Augusto Pires levantou-se, como que dando o encontro por encerrado, mas Rodrigo Telesca permaneceu sentado, numa visível atitude de contestação. “Sim”, confirmou. “Eu sou apenas um ministro de Estado. Só que ministros têm a prerrogativa de pedir demissão. O senhor receberá minha carta amanhã cedo.”
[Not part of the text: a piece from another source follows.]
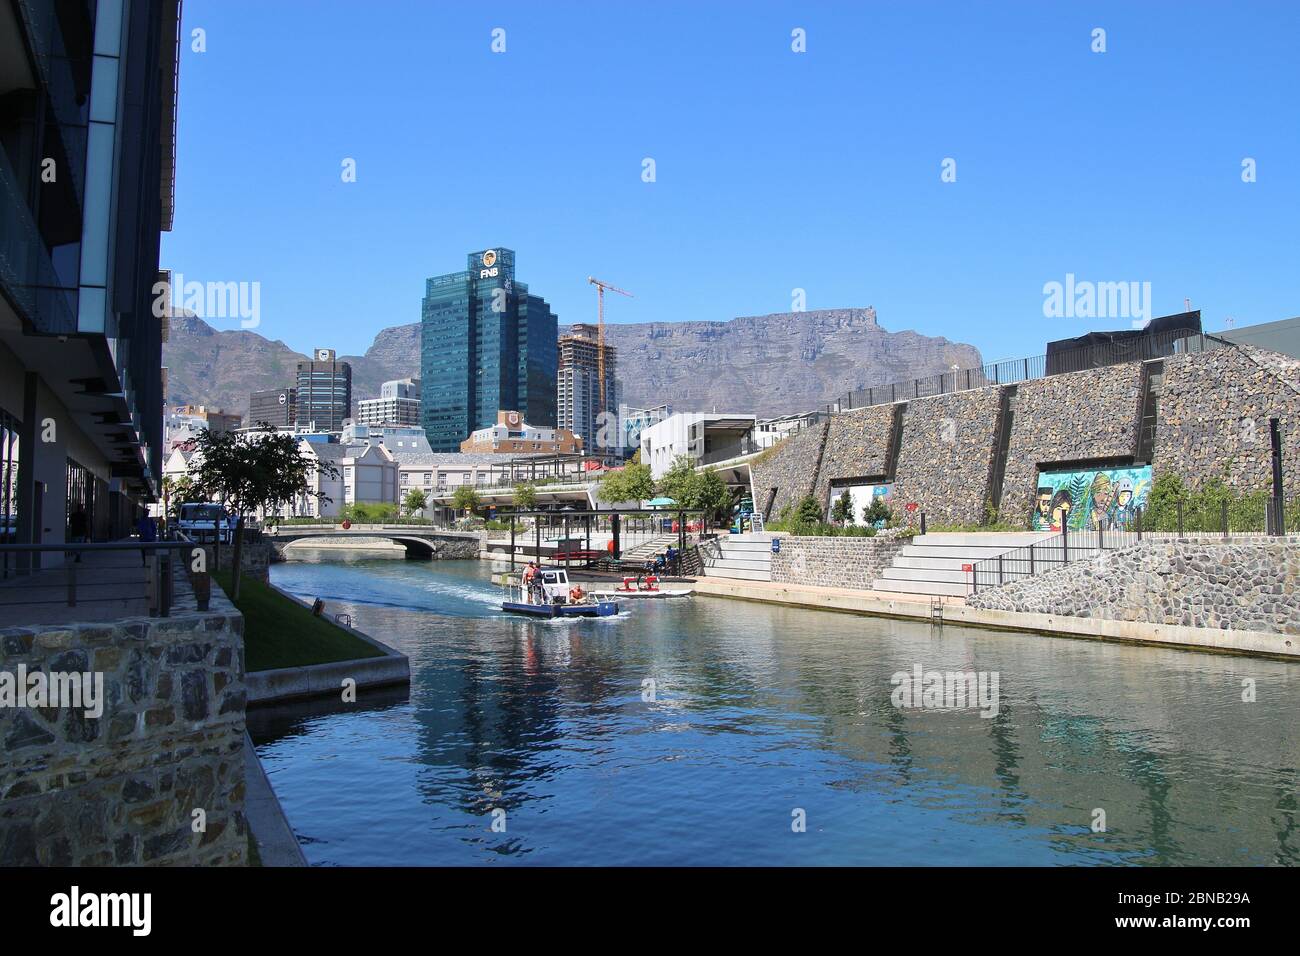 Canal und hohe Gebäude im Waterfront District von Kapstadt. Der Tafelberg im Hintergrund. Südafrika, Afrika. Stockfoto

Pires sabia que a saída do presidente do BC naquele momento detonaria uma crise e que a crise arruinaria seu desempenho no primeiro turno. Mas havia se preparado para aquela reação de Telesca. Tirou um papel do bolso da calça, desdobrou-o e começou a ler.

“No dia 11 de setembro de 1997, uma quinta-feira, após um jogo noturno do Fluminense, no Maracanã, o senhor atropelou e matou um travesti na Quinta da Boa Vista, nas proximidades do estádio. Isso depois de ter praticado sexo com um colega de profissão do morto. Mas não se preocupe com essa informação. É sigilosa e está guardada a sete chaves nos cofres do Gabinete de Segurança Institucional. E não vai vazar para a imprensa nem pra ninguém. A não ser, é claro, que o senhor continue com essa intenção tresloucada de pedir demissão e de não obedecer ao seu presidente, que lhe ordena que baixe os juros.”

Um forte abraço e um ótimo fim de semana.

Ivan Sant’Anna

 

Conheça o responsável por esta edição:

Ivan Sant'Anna

Trader e Escritor

Uma das maiores referências do mercado financeiro brasileiro, tendo participado de seu desenvolvimento desde 1958. Atuou como trader no mercado financeiro por 37 anos antes de se tornar autor de livros best-sellers como “Os Mercadores da Noite” e “1929 - Quebra da Bolsa de Nova York”. Na newsletter “Mercadores da Noite” e na coluna “Warm Up PRO”, Ivan dá sugestões de investimentos, conta histórias fascinantes e segredos de como realmente funciona o mercado.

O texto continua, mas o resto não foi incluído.